When the Ebola outbreak in West Africa picked up pace in July 2014, Caitlin Rivers started to collect data on the people affected. Rivers, then a PhD student in computational epidemiology, wanted to model the outbreak’s spread. So every day she downloaded PDF updates released by the ministries of health of the virus-stricken countries, and converted the numbers into computer-readable tables. Rather than keeping these files to herself, she posted them to, a hugely popular website for collaborative work on software code. Rivers thought the postings might attract those interested in up-to-date information from the Ebola outbreak. “I figured if I needed it, other people would, too,” she says.
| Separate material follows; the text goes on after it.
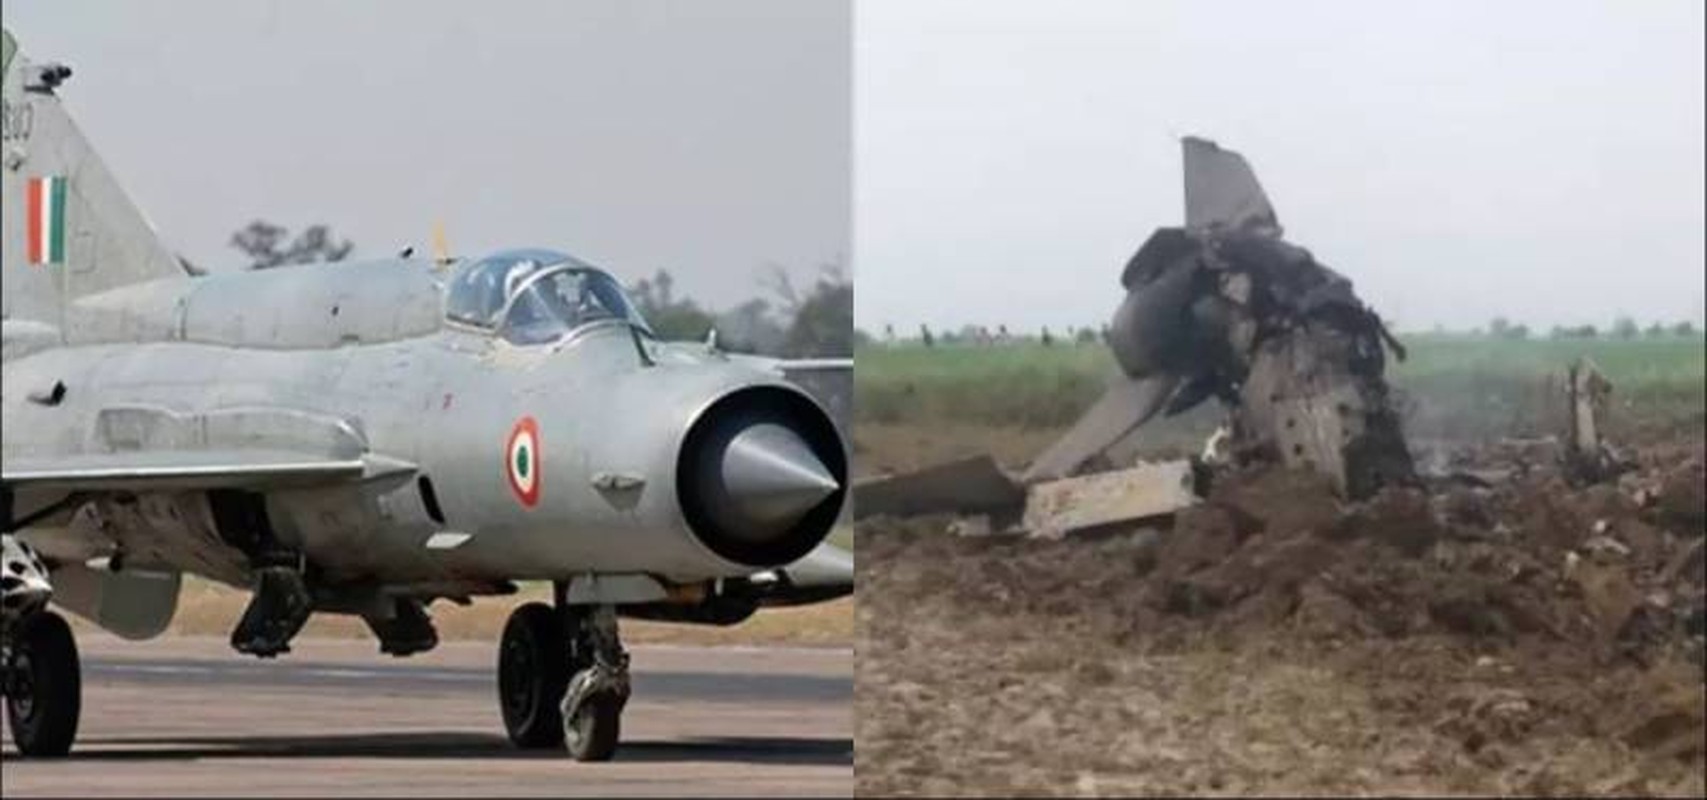 Noi oan cua MiG-21 An Do: Hoan toan khong phai “quan tai bay”-Hinh-2

Rivers was right. Other researchers began to download the data and contribute to the project. On some days, third parties would download and convert the ministries’ data before her, and load them into the GitHub repository. Others created programming scripts to do simple error-checks on the data, such as ensuring that the daily patient counts made sense. At the time, GitHub was “really the only place on the Internet that you could interact with these data as data, and not as a PDF”, says Rivers, who was at Virginia Polytechnic Institute and State University in Blacksburg when she began the project, and is now an epidemiologist at the US Army Public Health Center in Edgewood, Maryland.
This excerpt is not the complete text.